● **Data for this task**
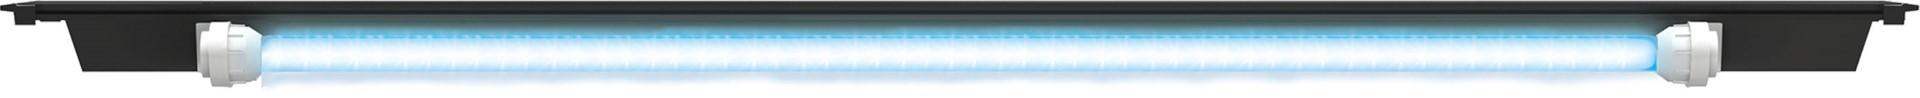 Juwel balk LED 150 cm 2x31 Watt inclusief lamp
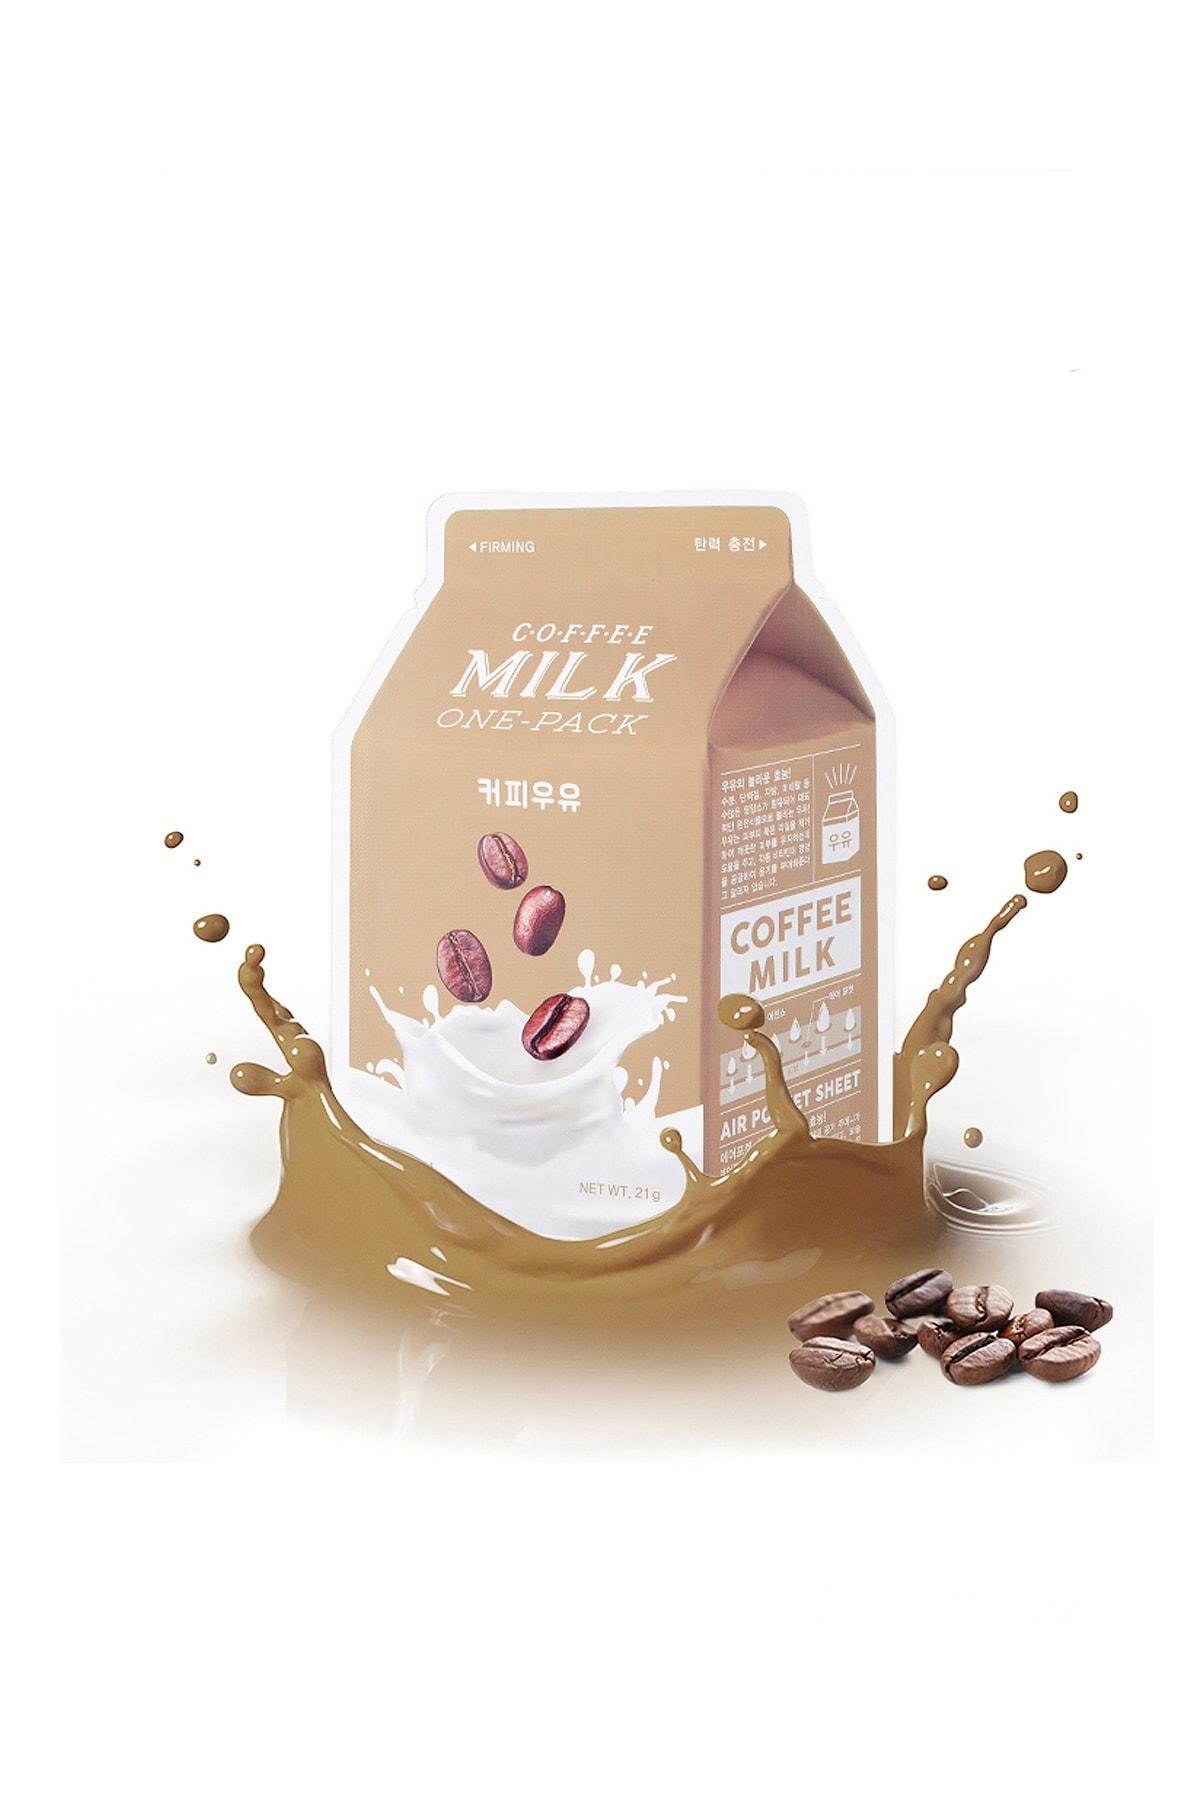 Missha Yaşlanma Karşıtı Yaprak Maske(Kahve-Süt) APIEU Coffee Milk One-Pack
* * *
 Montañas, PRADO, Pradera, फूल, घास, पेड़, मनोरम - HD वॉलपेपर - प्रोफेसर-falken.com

● **Task instructions**
Starting at the line above with "Juwel balk LED", output every line exactly up to and including the line with "Missha Yaşlanma Karşıtı", but none of the pictures.

● **Task result**
 Juwel balk LED 150 cm 2x31 Watt inclusief lamp
 Missha Yaşlanma Karşıtı Yaprak Maske(Kahve-Süt) APIEU Coffee Milk One-Pack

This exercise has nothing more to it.